Si desea hacer una pregunta no utilice el mensaje de otra persona.

Hacer un nuevo mensaje. es mucho mejor para usted.

Utilice estas fórmulas para obtener los colores deseados.

Formato condicional.

*1ª Condición*: Y(HORA(A1)>=6;HORA(A1)<=8) --> FORMATO AMARILLO

*2ª Condición*: Y(HORA(A1)>8;HORA(A1)<=10) --> FORMATO ROJO

*3ª Condición*: Y(HORA(A1)>10;HORA(A1)<=12) --> FORMATO VERDE


Espero haber ayudado.
--------------------------------------------------------------
Belo Horizonte, Brasil
Marcílio Lobão


----------



## Greg Truby

*Re: Problemas con la hora*

Bueno, estoy suponiendo que usted se da cuenta que con usar =NOW() la hora que usted verá en la celda A1 cambiará cada vez que la hoja calcula...

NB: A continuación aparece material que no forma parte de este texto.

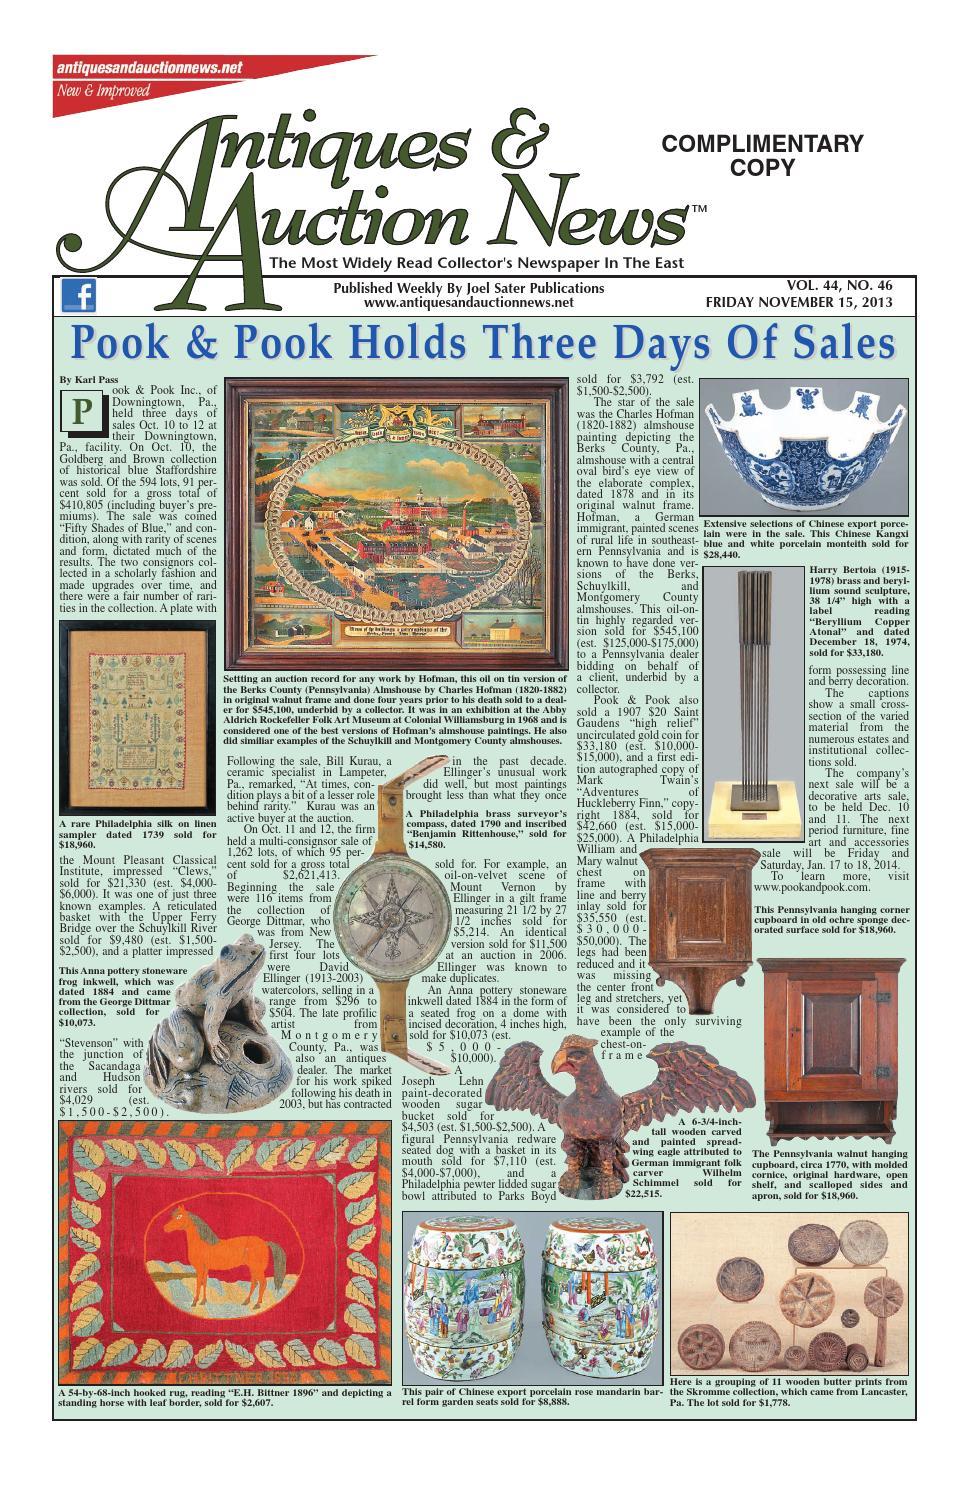 Antiques & Auction News 111513 by Antiques & Auction News - issuu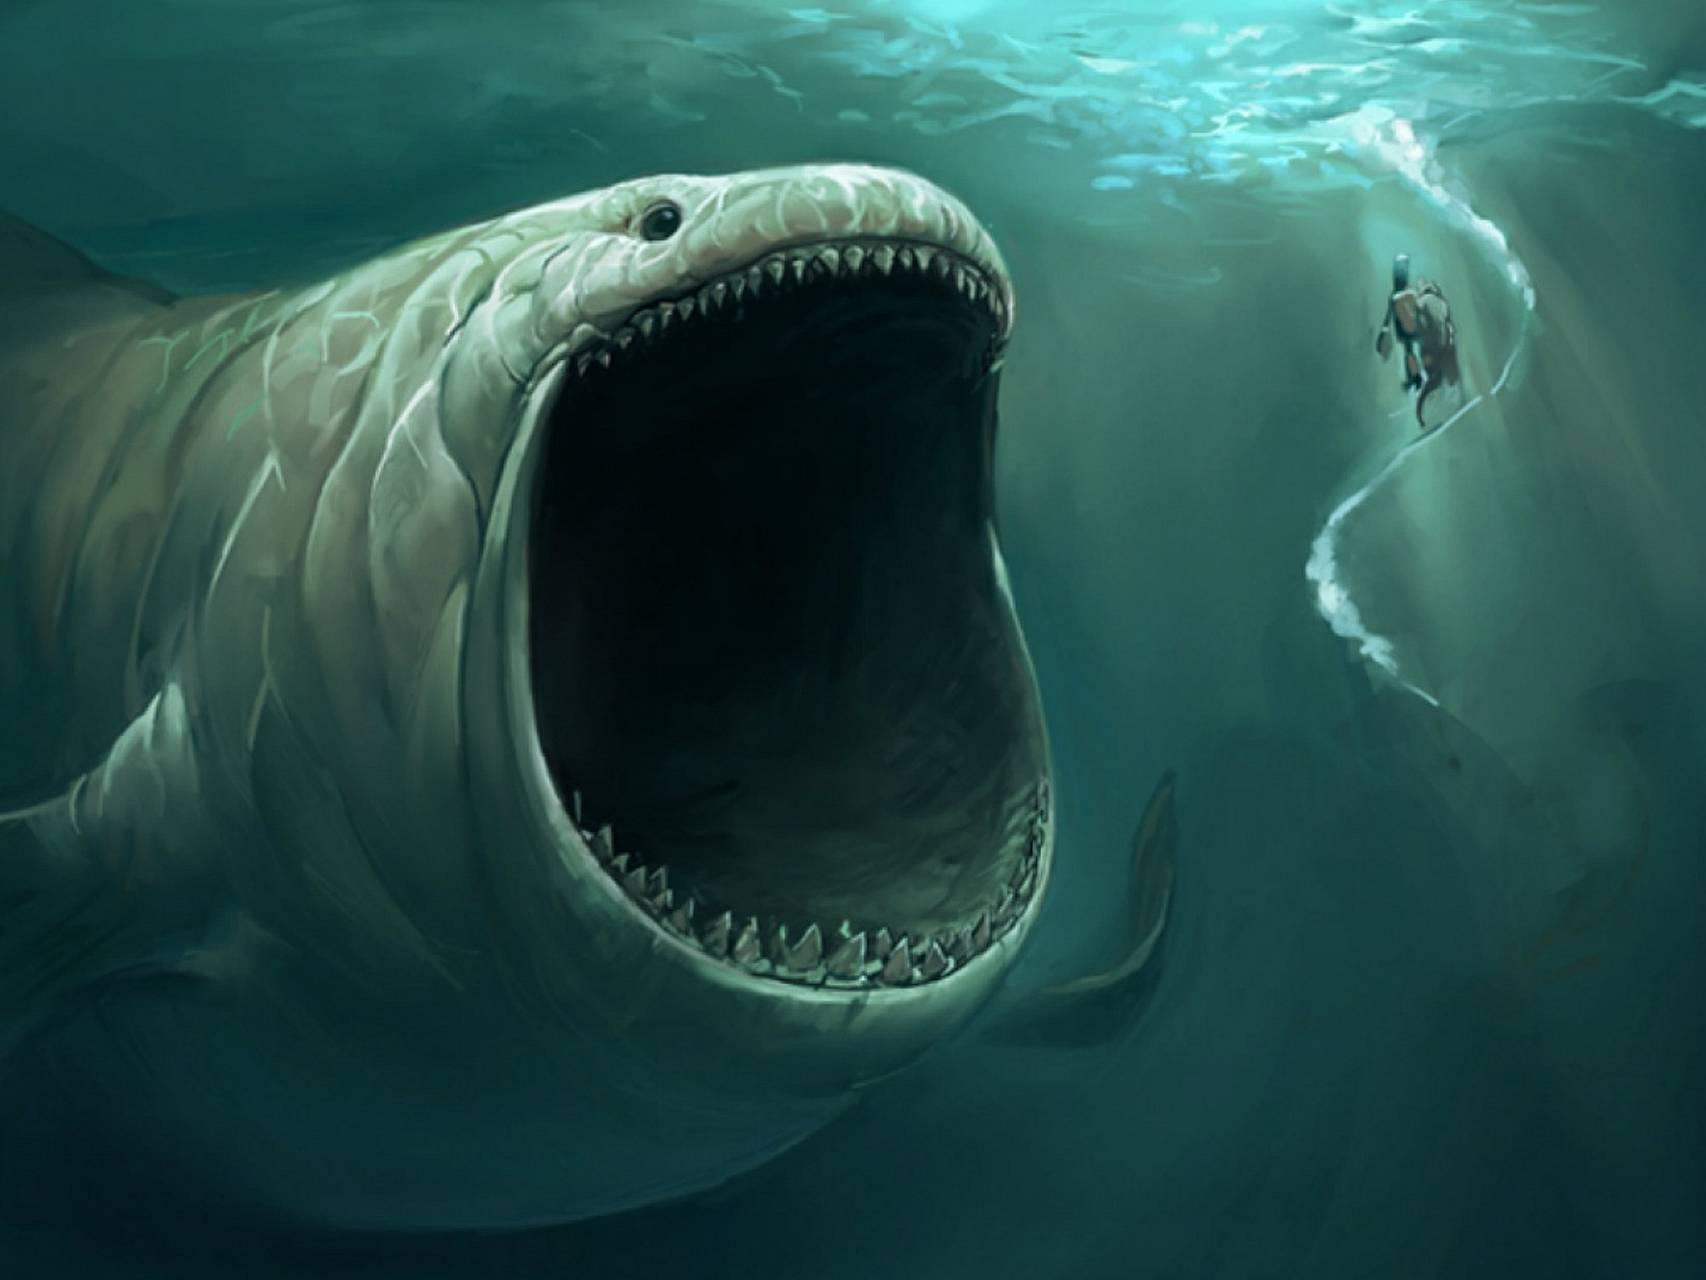 Giant Water Monster

Para hacer lo que usted pide, vaya a la celda A2 y añada las siguientes reglas de formato condicional

* =AND($A$1>=TIME(6,0,0),$A$1<=TIME(8,0,0))*       y ponga el formato de color amarillo
*=AND($A$1>TIME(8,0,0),$A$1<=TIME(10,0,0))*   y ponga el formato de color rojo
*=AND($A$1>TIME(10,0,0),$A$1<=TIME(12,0,0))*  y ponga el formato de color verde

Si usted nos indica cual versión de Excel está usando le podemos dar instrucciones más específicas sobre cómo hacer formato condicional si usted no conoce esta habilidad de Excel.


----------